Does he consistently re-post to gain member status? He belongs to another forum I browse through..... it's kind of humorous. I'm not dogging you, pincmonkey..but yeah - the edit button and maybe a spell checker would be nice... I'm sure you're over excited to share new things with everyone but calm down - we're not going anywhere ;-)


----------



## pincmonkey (Jun 7, 2003)

lolz kat_3y3z i kno what forum ur talking about. Sry abot the multiple posts issue, im not doing it for status, mainly because i dont care about it enought to make useless posts.
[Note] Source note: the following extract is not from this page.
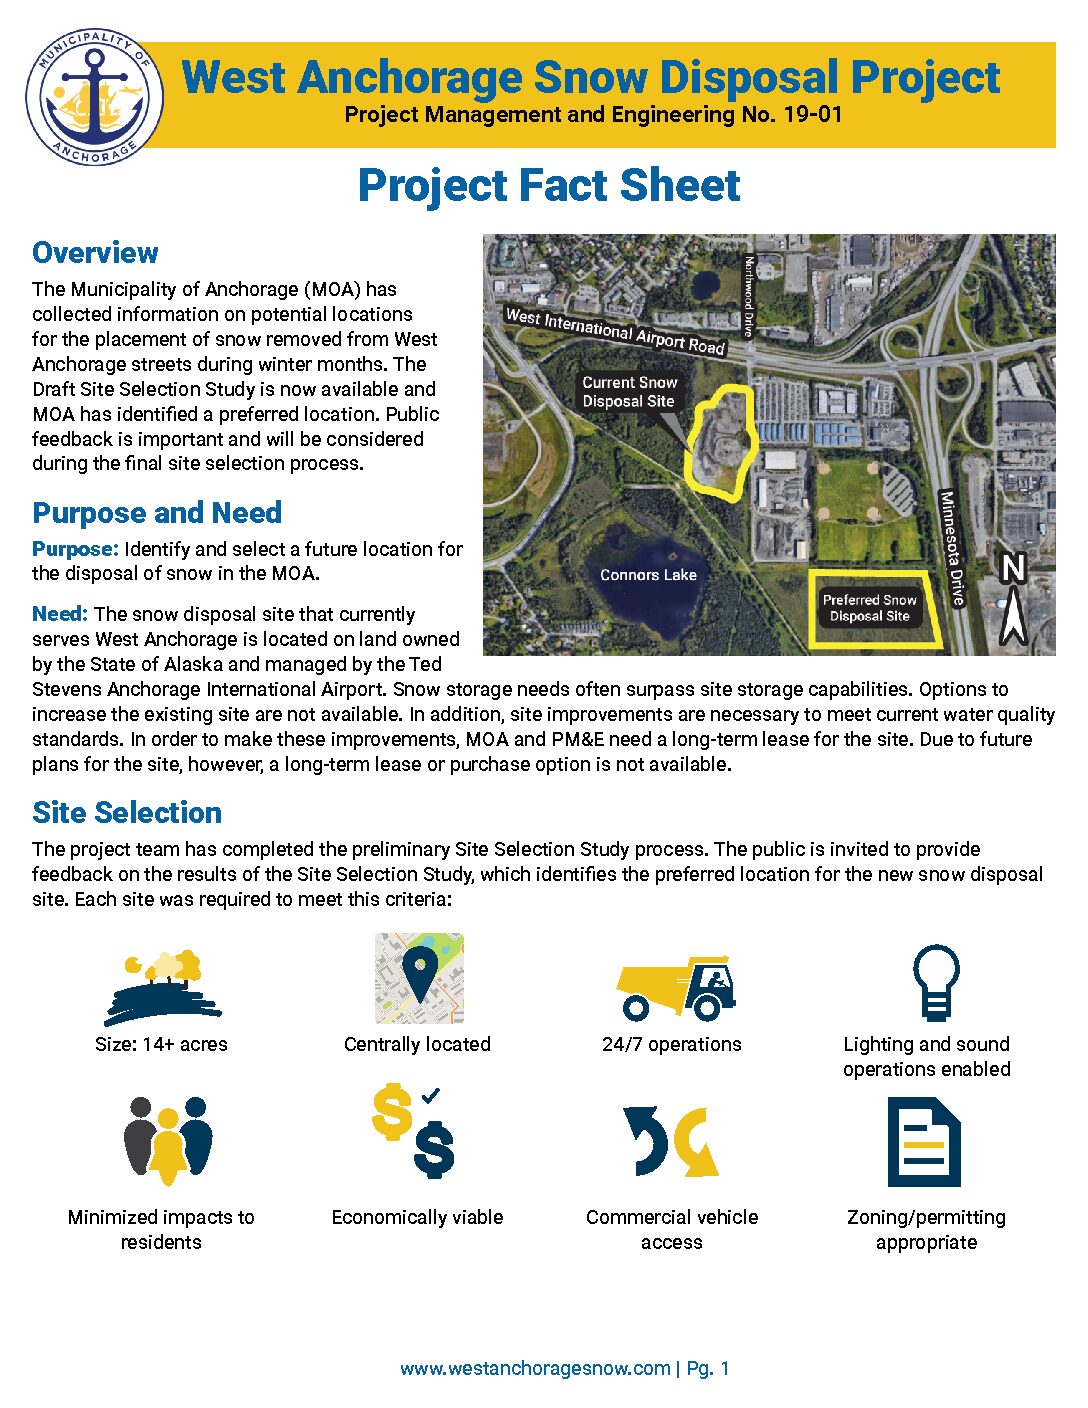 West Anchorage Snow Disposal Project Fact Sheet Download

Ill try to watch my posting habits from now on.


----------



## kat_3y3z (Jan 7, 2004)

Ok!


----------



## yaddablah (Aug 1, 2003)

there is a much easier way to take out the ads....
all you do is go to where aim is located (normally C:\program files\Aim95) or sumthin along those lines and then find the file called advert.ocm delete this file and (you have to be completely signed off of aim) copy the one that says admin.ocm paste it in the same place where you found advert and the just rename the copyed admin file to advert. it has worked for me so far and seems to have just frozen the ads onto one specific one. which is good.


----------



## pincmonkey (Jun 7, 2003)

did that work for the audio ads as well?


----------



## yaddablah (Aug 1, 2003)

well it did but i kinda just froze one ad in its place and it kinda slowed down aim.. i tried taht one patch up there somewhere in this post and haven't had any problems yet. i probably couldn't hear em though just cuz i play my winamp thing a little loud
but owell hearing is good now so might as well use it


----------



## pincmonkey (Jun 7, 2003)

im going to run the sniffer again and try to see if i can find the server... or if there is one...


----------



## Eboy (Jan 6, 2004)

i added ar.atwola.com to my HOSTS file and it seemed to remove the ads with internet explorer page not found site


----------



## pincmonkey (Jun 7, 2003)

all the sniffers i used, i wasnt able to find the aim site  it could be that the ads are on loalhost


----------



## Eboy (Jan 6, 2004)

ever since i added the ar.atwola.com i haven't had any ads and i put it in yesterday morning and have tested it with 2 other comps too ..and it's workin sweetly


----------